Function with multiple return values
Unlike other languages like Java, it is possible to return multiple values from a function. To do so, we need to define the return type of all return values as a tuple.

``````func sumAndDiff(a, b int) (int, int) {
return a + b, a - b
}
func main() {
sum, difference := sumAndDiff(10, 5)
fmt.Println(sum, difference)
}
``````

Two return values are declared. Both of them are of type `int`. Notice the return statement - it returns two values.
Notice how the function call is written as `sumAndDiff(10, 5)` and two return values are assigned to the variables `sum` and `difference`.

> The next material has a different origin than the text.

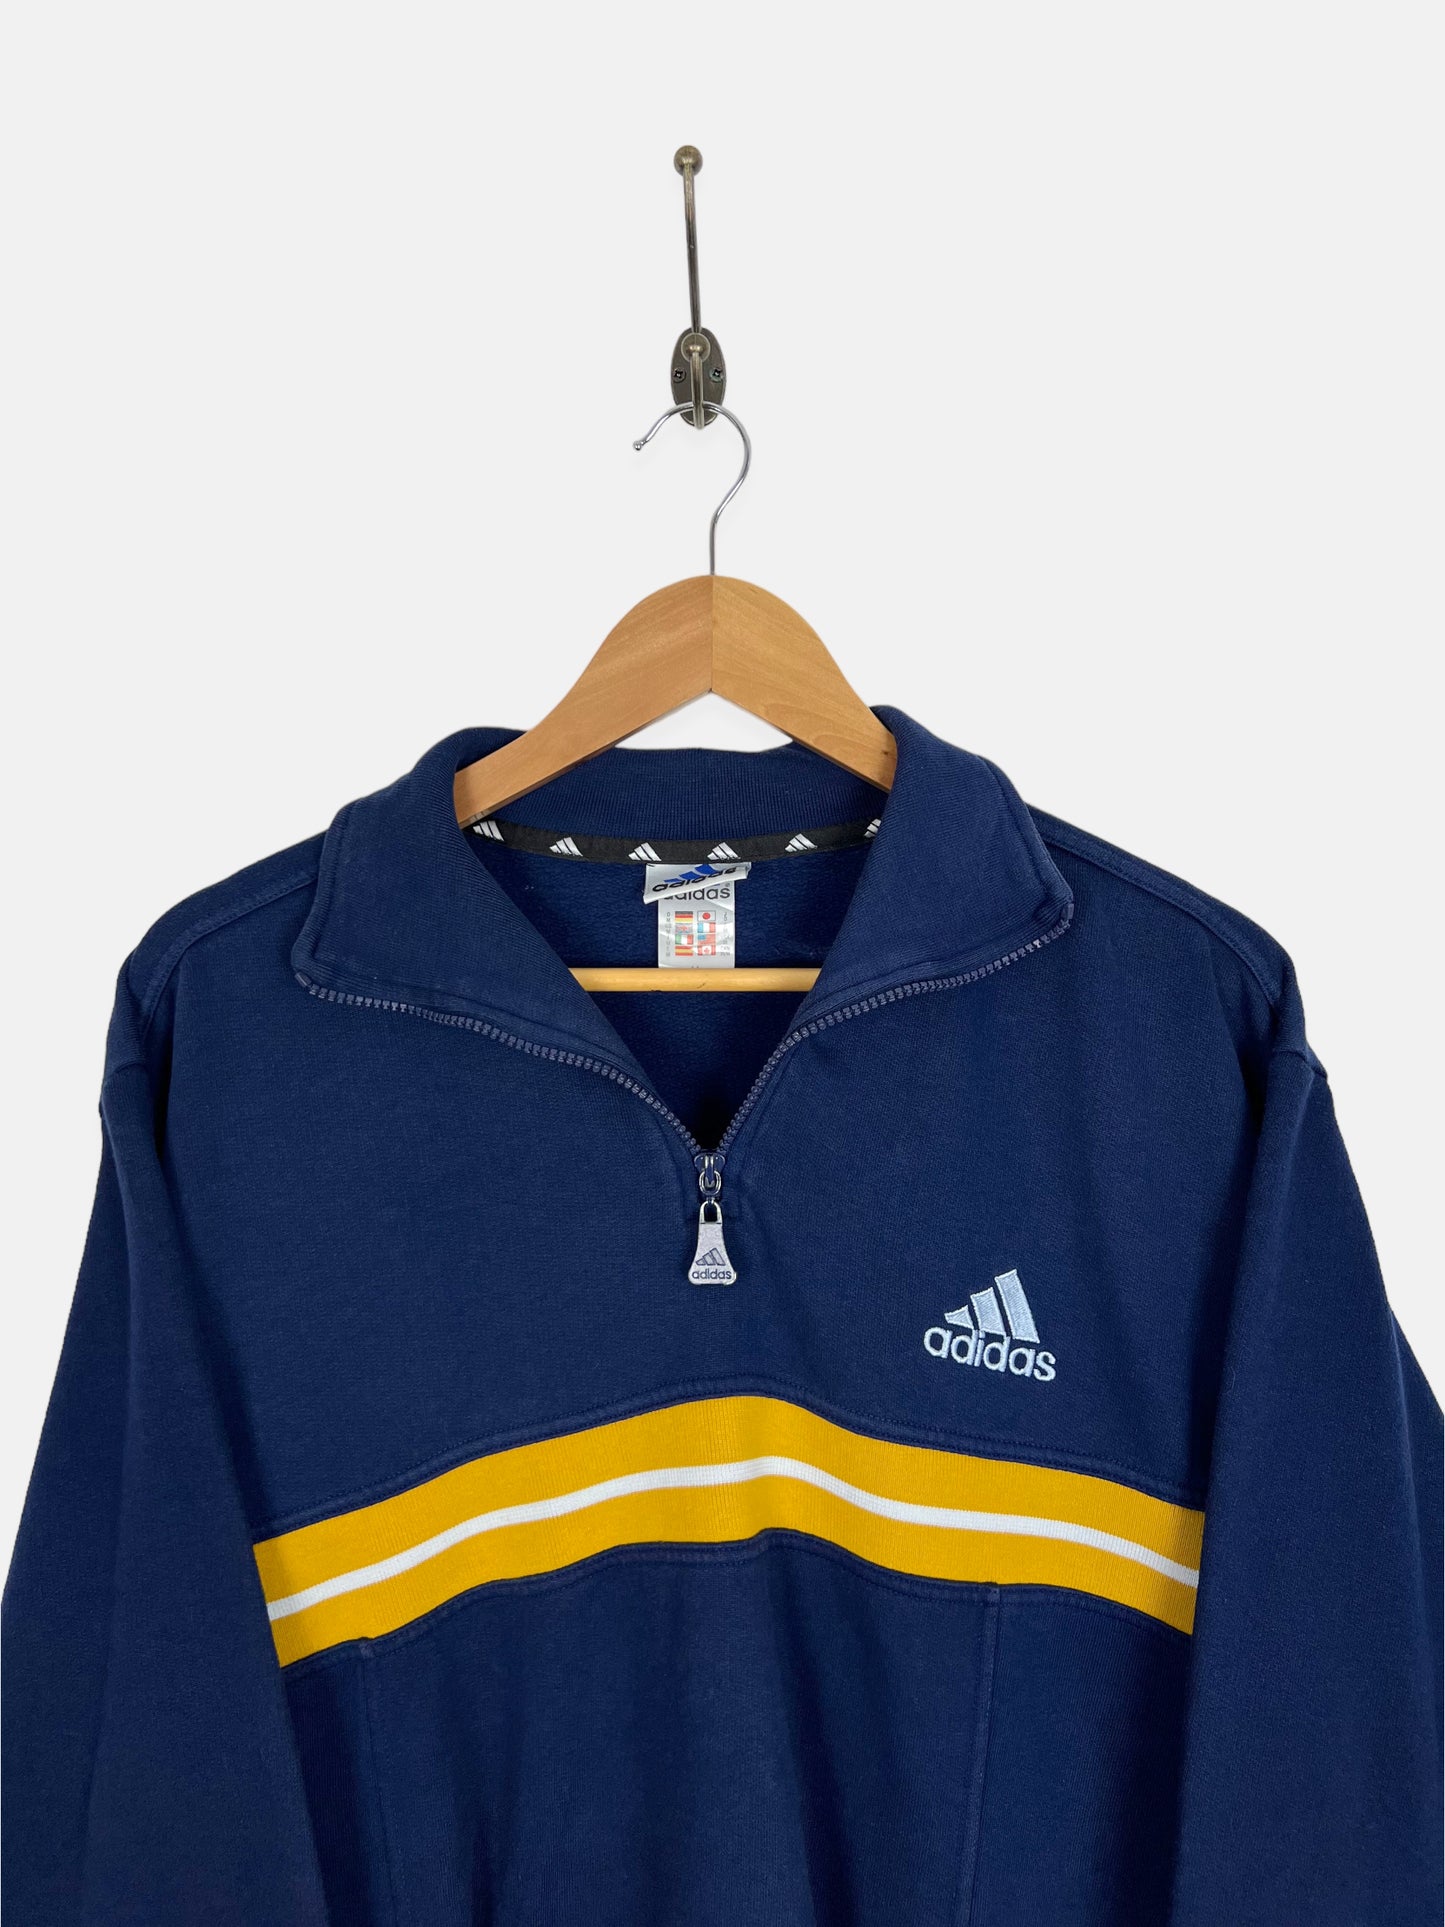 90's Adidas Embroidered Vintage Quarterzip Sweatshirt Size M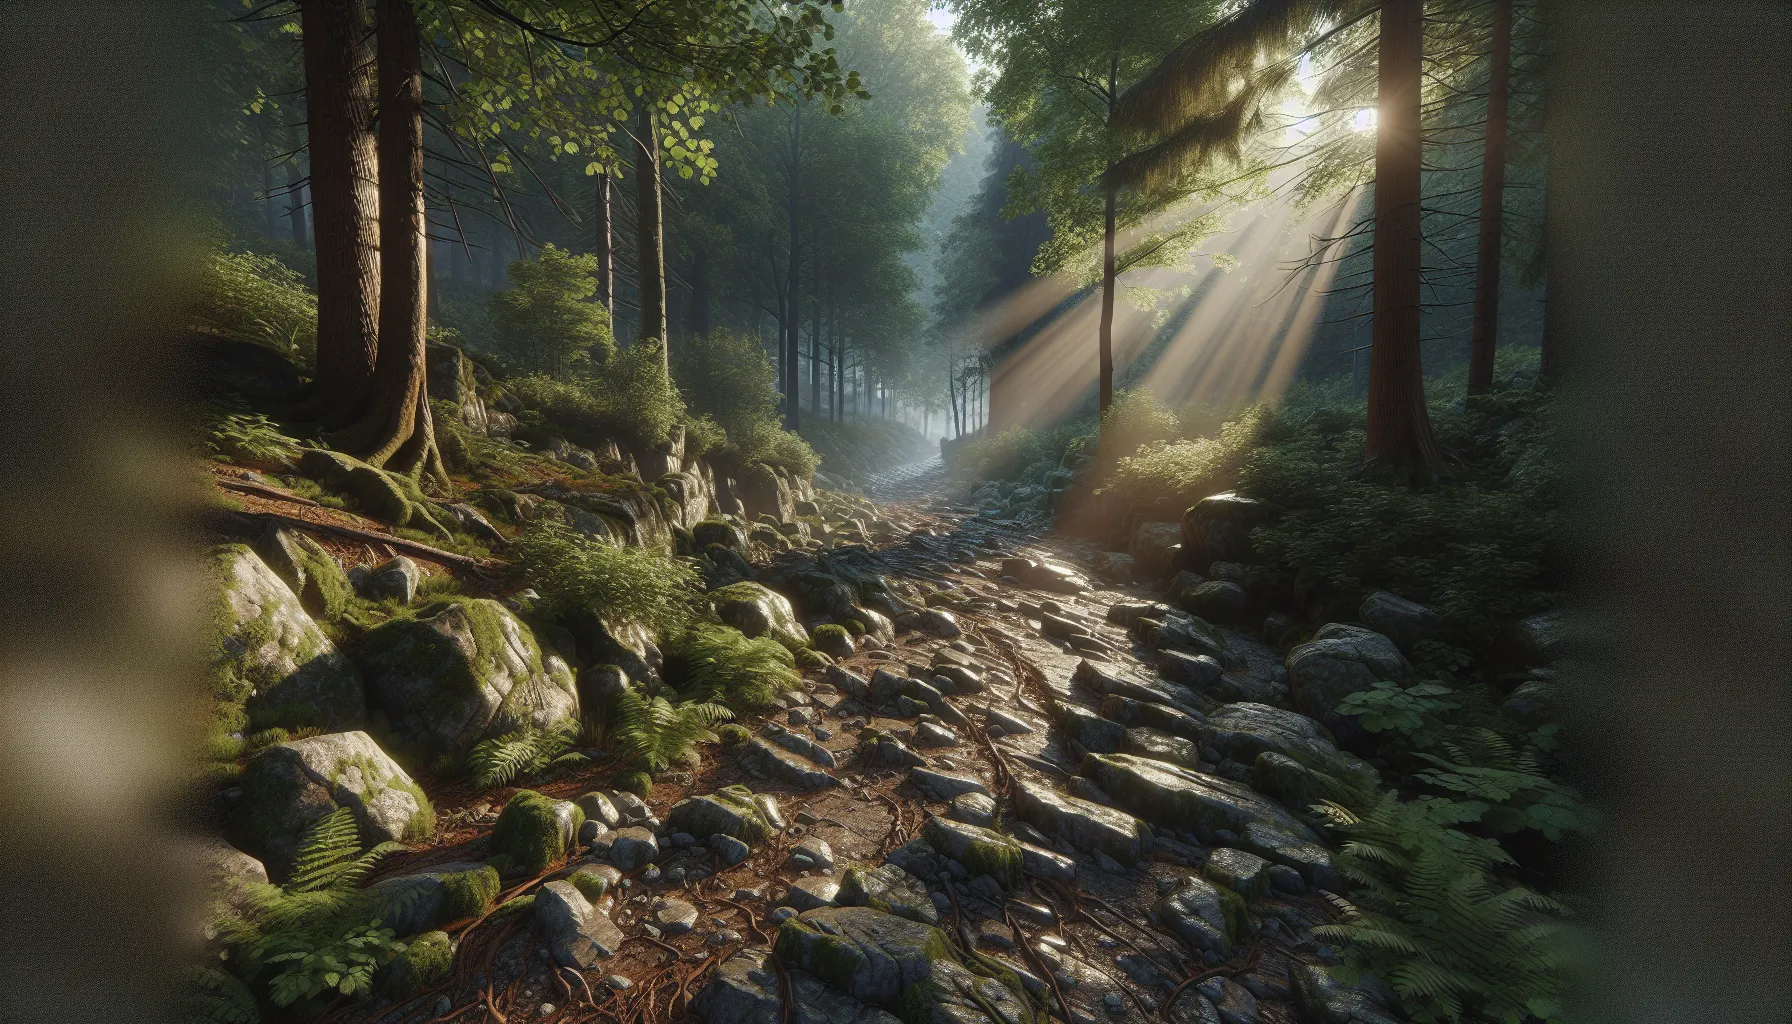 Imagen de un camino rocoso en medio de un bosque con rayos de sol filtrándose a través de los árboles.

Function with named return values

``````func sumAndDiff(a, b int) (sum int, difference int) {
sum = a + b
difference = a - b
return
}
``````

The return values are declared with the names `sum` and `difference`. The return statement returns the values of the variables `sum` and `difference` but does not need to mention them.
This is useful when you are creating temporary variables to hold the return values till the end of the function.

Function with a variable number of parameters

``````func add(nums ...int) int {
sum := 0
//loop over nums and add them to sum
for _, num := range nums {
sum += num
}
return sum
}

func main() {
}

``````

The function accepts a variable number of parameters. The parameters are of type `int`.
The `...` operator is used to indicate that the function accepts a variable number of parameters.

Notice how in the function call, we have sent 5 values.

Note: The `_` in the for loop is a placeholder for the index of the number returned. We will talk more about `for` loop variations later.